Олег начал торговать электроникой, а также вкладывал деньги в ценные бумаги, в которых научился разбираться, и даже, поначалу робко, а потом смелее, начал играть на бирже. Жить стало не так страшно и намного интереснее, но все отравлял Рома со своей издевательской усмешкой. Рома забирал себе половину заработанного Олегом и не думал его отпускать, хотя Олег, по его подсчетам, давно отработал утопленные наркотики с лихвой. Но кто же отпускает дойную корову?
Все это было крайне унизительно. И однажды Олег, в основном, чтобы сменить обстановку и не видеть каждый божий день Ромину лоснящуюся морду, придумал себе командировку в Москву, под предлогом налаживания прямых, без длинной цепочки посредников, поставок китайско-корейско-гонконгских компьютеров и радиотелефонов в столицу. Олега, как всегда, небрежно благословили и выделили ему двух сопровождающих, чтобы в столице он чего не удумал, с точки зрения Ромы, неподходящего.

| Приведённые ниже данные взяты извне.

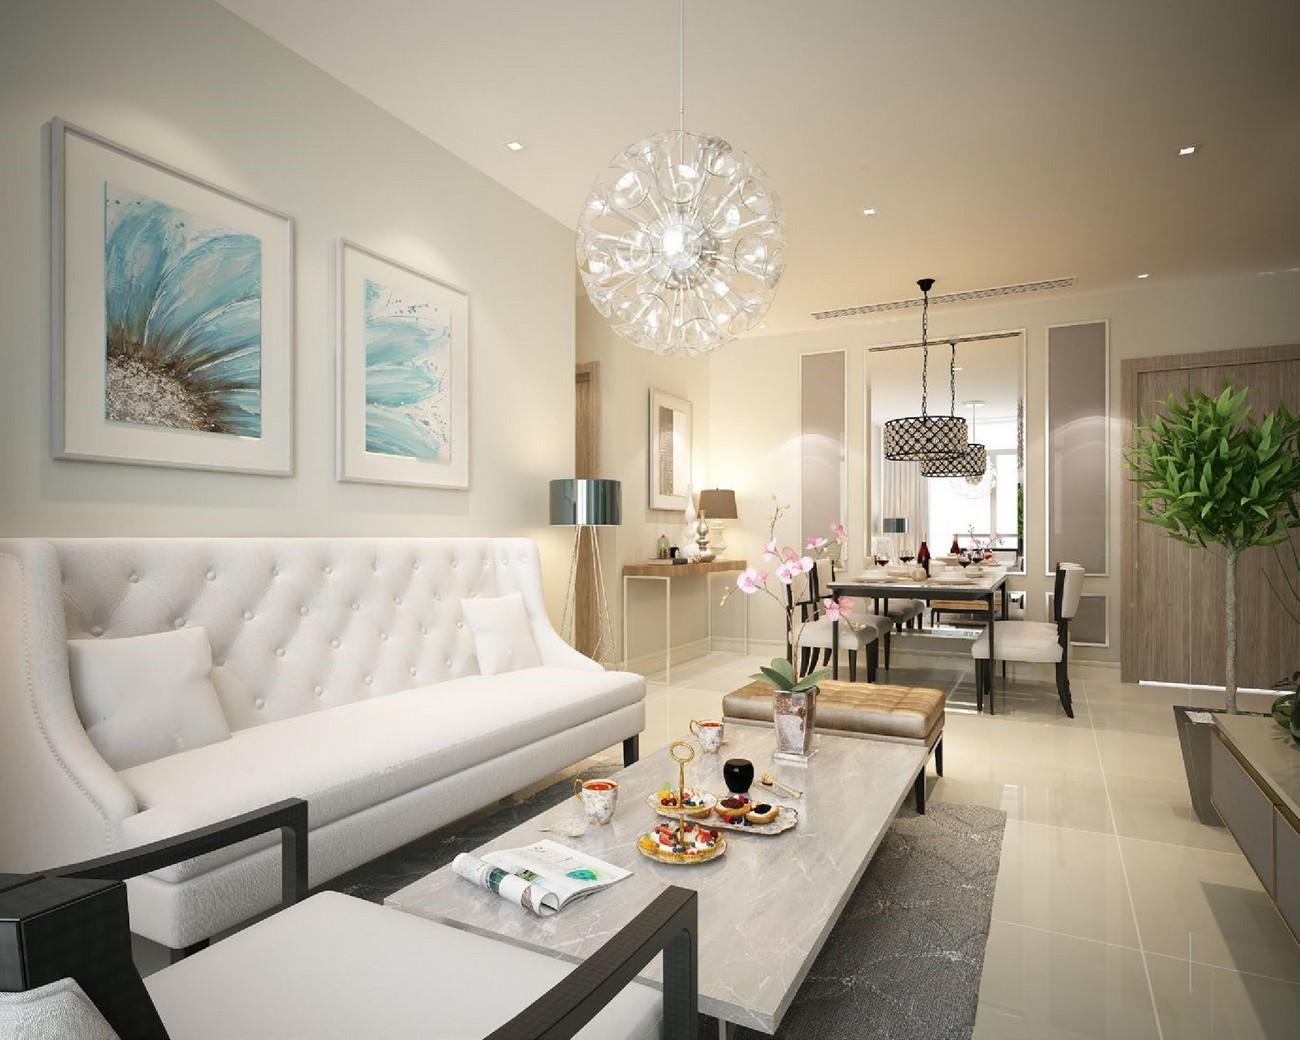 Nhà mẫu căn hộ Vinhomes Golden River Quận 1 Đường Nguyễn Hữu Cảnh chủ đầu tư Vingroup

В Москве Олег добросовестно встречался с нужными людьми, подписывал договоры, участвовал в совещаниях и относительно скромных корпоративных застольях и с тоской думал о том, что в Читу возвращаться все равно придется, что Рома, чтоб ему пропасть, наверняка воспользуется его, Олега, каналами для переправки в столицу наркоты… Для того и отпустил, и гляделки его масляные вспыхивали желтым огнем, и взгляд чадил, и горькая копоть оседала у Олега на сердце.
И тут Олега проняло, и проняло так, что мелькнула в голове кометою одна мысль, совсем не здравая мысль, совсем шальная и авантюрная, но… Но, в конце концов, попытка не пытка, думал он. Хуже себе он вряд ли сделает. И Олег, сопровождаемый двумя «попутчиками», предпринял пешую прогулку по Москве и, словно невзначай, вышел к трем вокзалам. И протянул под предлогом гадания руку первой же цыганке видом почище прочих.
– А кто руку для Зарины золотить будет, молодой? – повела густым туманным взором цыганка по имени, надо полагать, Зарина.
Олег, повернувшись так, чтобы не видели «сопровождающие лица», вытащил бумажник, но вместо купюры достал картонку на веревочке и показал ее цыганке Зарине.
– Откуда у тебя? – еле слышно спросила Зарина и слегка побледнела.
– Меня зовут Лачо по-вашему. Картонку когда-то дала Мерикла. Проводишь к ней?
– А вдруг ты злой? – забеспокоилась цыганка. – Вон с тобой какие двое, – кивнула она на Роминых мордоворотов, которые, не увидев в действиях Олега ничего из ряда вон выходящего, стояли в двух шагах и скучающе смотрели на голубей, в уверенности, что никуда он не денется, если до сих пор не делал попыток сбежать.
– А ты проверь, злой я или нет. Неужели не умеешь? А эти двое, – прошептал он так, чтобы слышала только она, – эти двое мне не нужны. Совсем не нужны. Поняла, надеюсь?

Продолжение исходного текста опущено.